Northstar’s gay!?! :eek:

The Clark Kent Rule - The duration of the secret of a civilian identity is directly based on how much effort goes into concealing it. If the transformation from civilian identity to superhero consists of taking off a pair of glasses, the duration of the secret will be measured in seconds.

The Slim Summers Rule - Superpowers do not grant amazing physiques. If a person is noticably overweight, underweight, short, tall, flat-chested, etc in their civilian identity, they will also be so in their superhero identity.

The Too Many Examples To Think Of A Archtype Rule - Attitude is not a superpower.

  1. No reboots of the entire universe. Different artists/writers is OK, but don’t keep switching the basic premise.

  2. No alternate anything, ever. (the Mommy Dearest proviso).

  3. No mopping up the floor with someone who can crush you (Wolverine vs. the Hulk or Spidy vs. the Hulk or Daredevil vs. Kingpin). Sure Logan and Daredevil are tough but not THAT tough.

  4. Similarly, if a being with super strength hits someone, it is going to be messy and disgusting. Why is it that when UnlimitedStrengthMan punches someone, they always come back for more? If it is a cross genre (Supes vs. Hulk) don’t wimp out and make it a draw. See the fight to the end, with a clear winner and loser. Anything less is a cop-out.

  5. If the hero has been smashed, stomped, or shot to pieces, don’t make him miraculously shrug it off or recover if he has no healing power (Batman and Daredevil). Along the same lines, a hero with no powers WILL get tired after fighting 50 baddies at one time. The Dark Knight series covered this well - a bruised and battered older Batman who drinks heavily, partly to dull the mental pain and partly to ease the physical pain from all the accumulated injuries.

  6. No more secret identities, except where they are already in place. Maybe the heroes and baddies could figure out it is simpler to not bother, since they have to hide the identity, make up cover stories and excuses etc.

  7. No more returns from the dead. Especially not with the horribly contrived explanations.

Per Byrne, yes. And suffering from AIDs. Per whatever writer came later, nope. He was a pixie or an elf or a leprechaun or a (gasp!) fairy or somesuch and it wasn’t AIDS, it was that he was dying from being…oh hell…I don’t remember some dread leprechaun disease like too far from his bowl of Lucky Charms[sup]tm[/sup] or insufficient shamrocks or somesuch bullshit.

Gay groups got very pissed (with just cause, IMO) and um…somehow he wasn’t a pixie any more and was just a gay, obnoxious mutant again (and one of the few characters Chuck Austen can write well—mainly because Northstar had an anger management problem before Austen became the writer)…

Fenris

I didn’t know he ever had AIDS. Was that part left behind when he became gay again?

I didn’t follow Alpha Flight for long; I knew Northstar was gay but I hadn’t heard about him having AIDS. But I’m not surprised; there was a period in the late 80’s where every fictional gay character had AIDS. I remember one comic book where a gay character mentioned his lover had died. Another character asked, “AIDS?” and the first said, “No, he died in a car accident. AIDS isn’t the only thing gay people die from.”
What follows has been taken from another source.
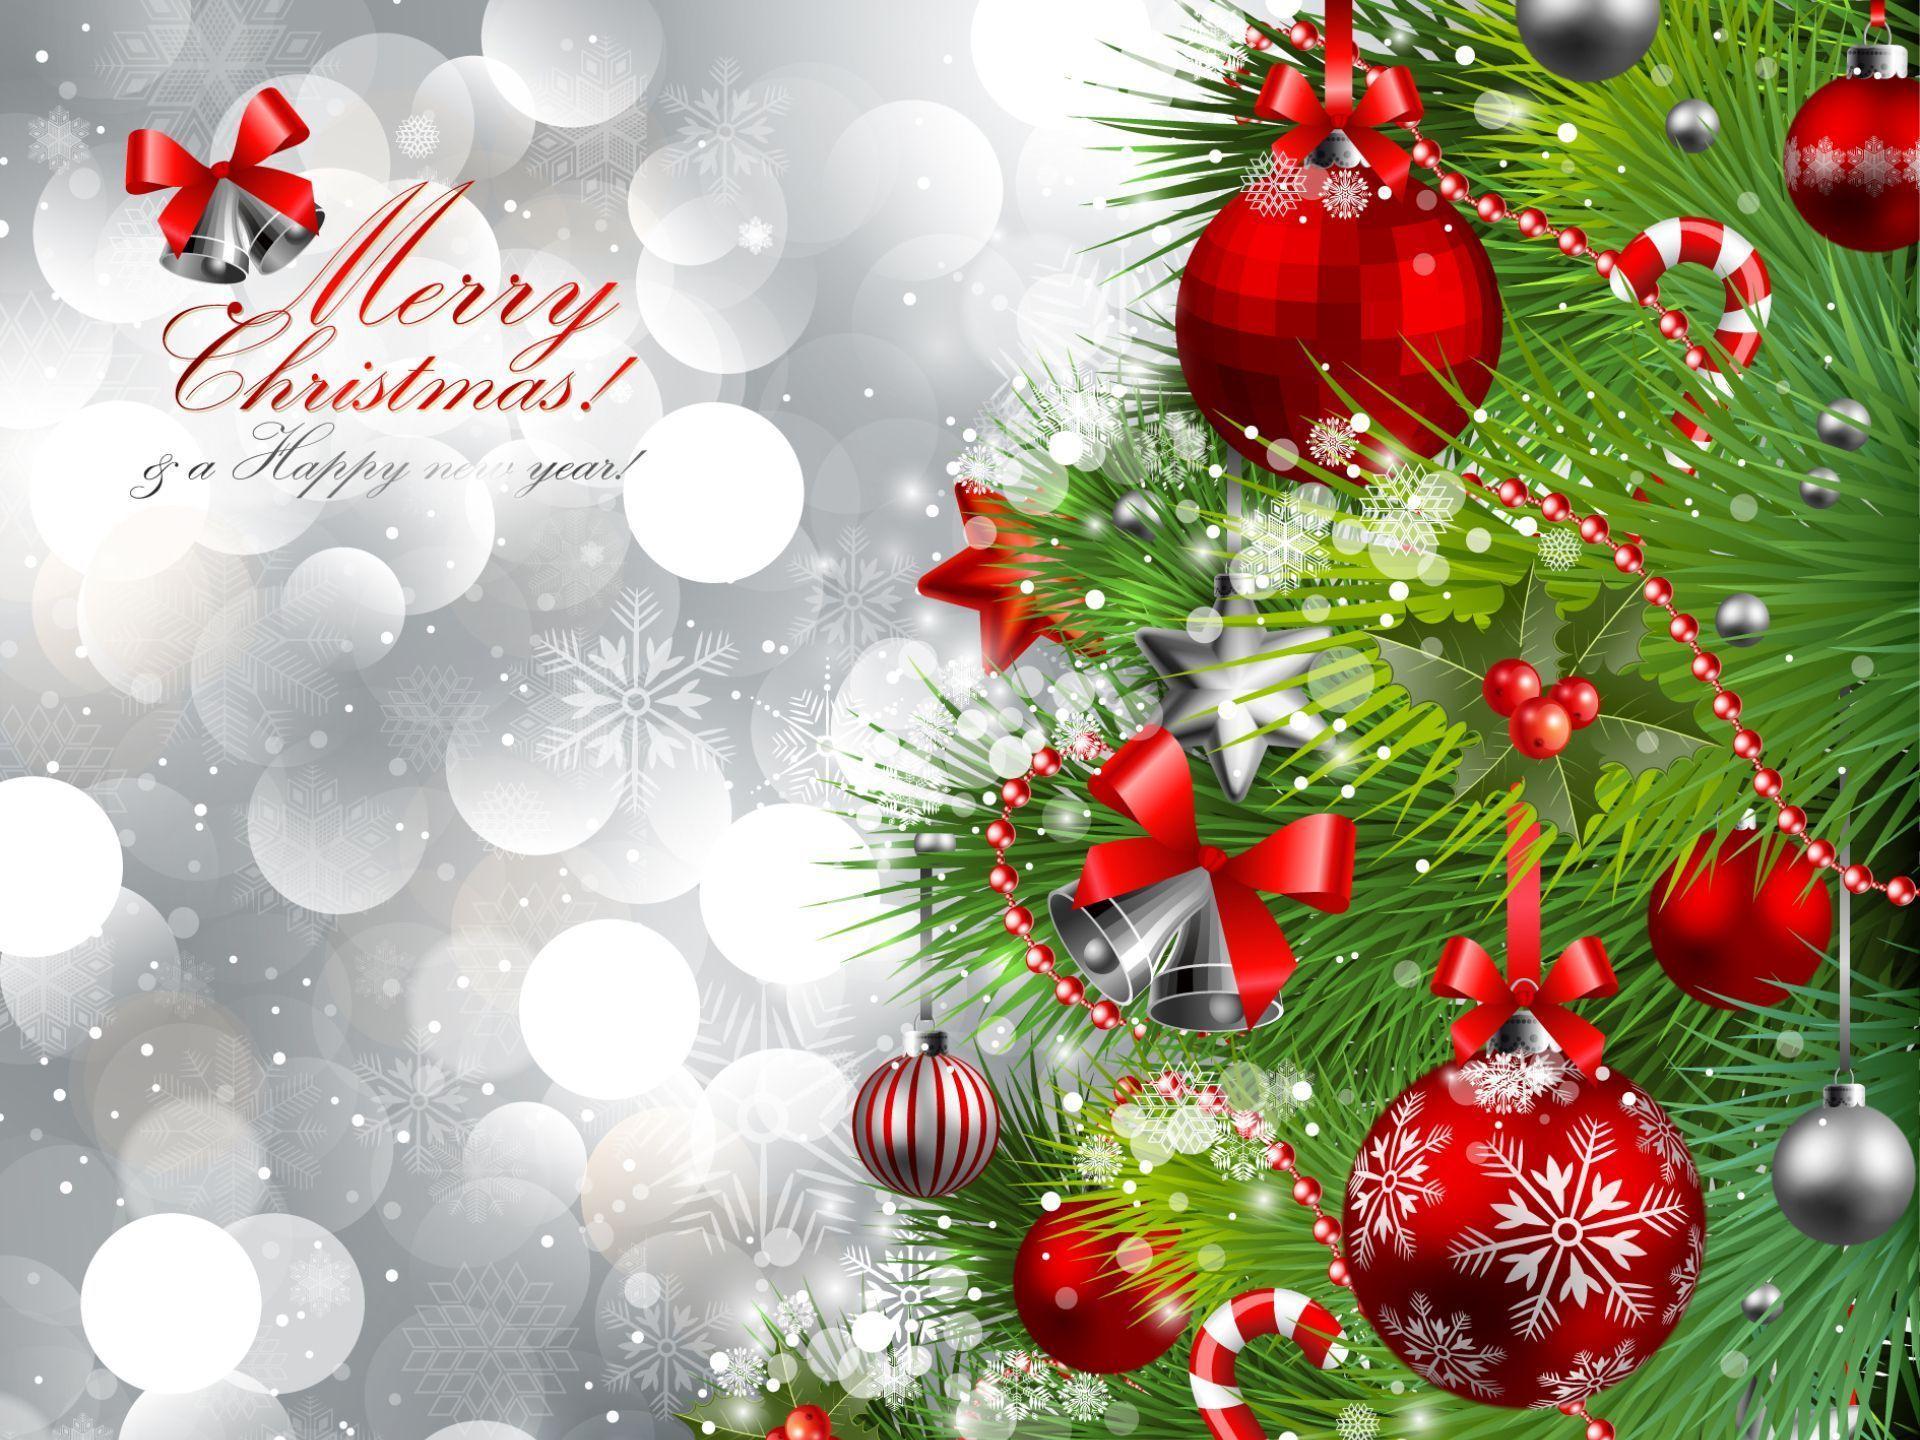 2021 Christmas Images Wallpaper For Desktop Christmas 2021 Wallpapers Top Free Christmas 2021 Backgrounds Wallpaperaccess
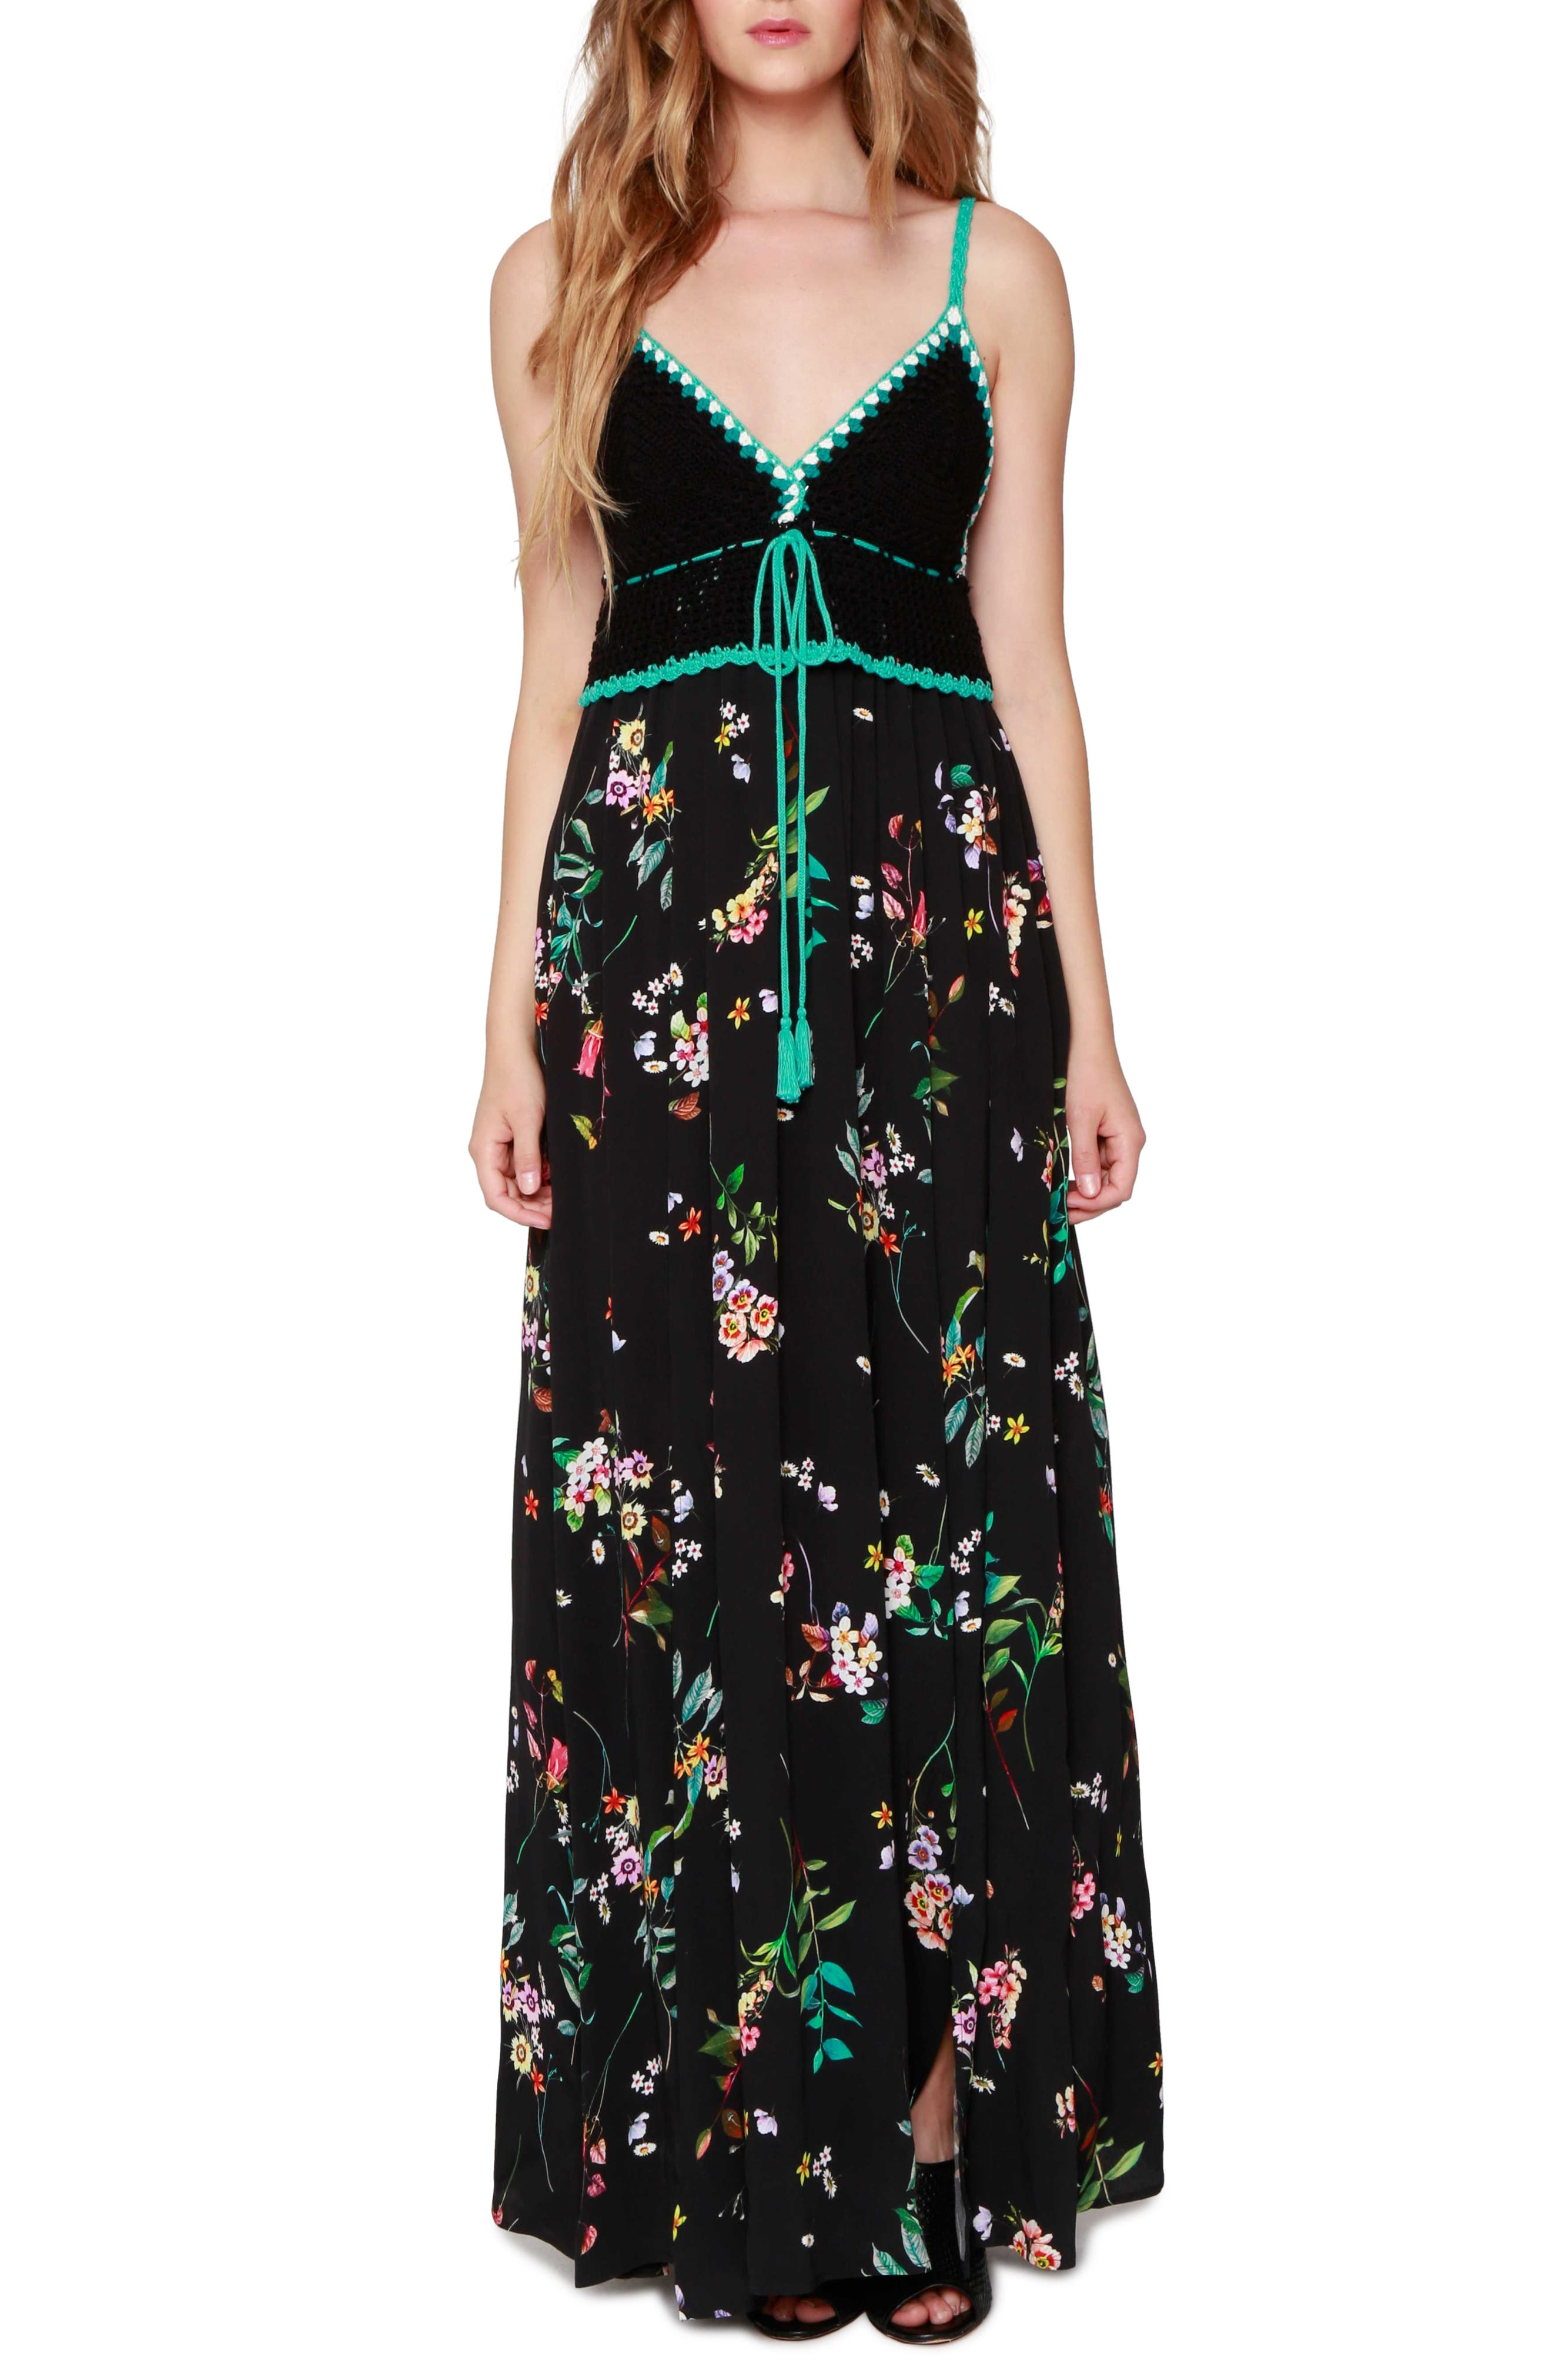 Willow & Clay Crochet Maxi Dress

I don’t remember if they actually [i[said* it was AIDS. But he was experiencing a mysterious disease that featured the “classic” symptoms of AIDS…right before it became a dreaded leprechaun disease.

This rings a bell…I think it’s from Peter David’s Hulk run. Man, that guy’s a great writer.

I very vaguely remember it (maybe). Hulk in one of his more lucid (for him) moments says something like “Hulk want no friends. Friends always die”. Then he bounces out into the desert to sulk (again). Did I get close?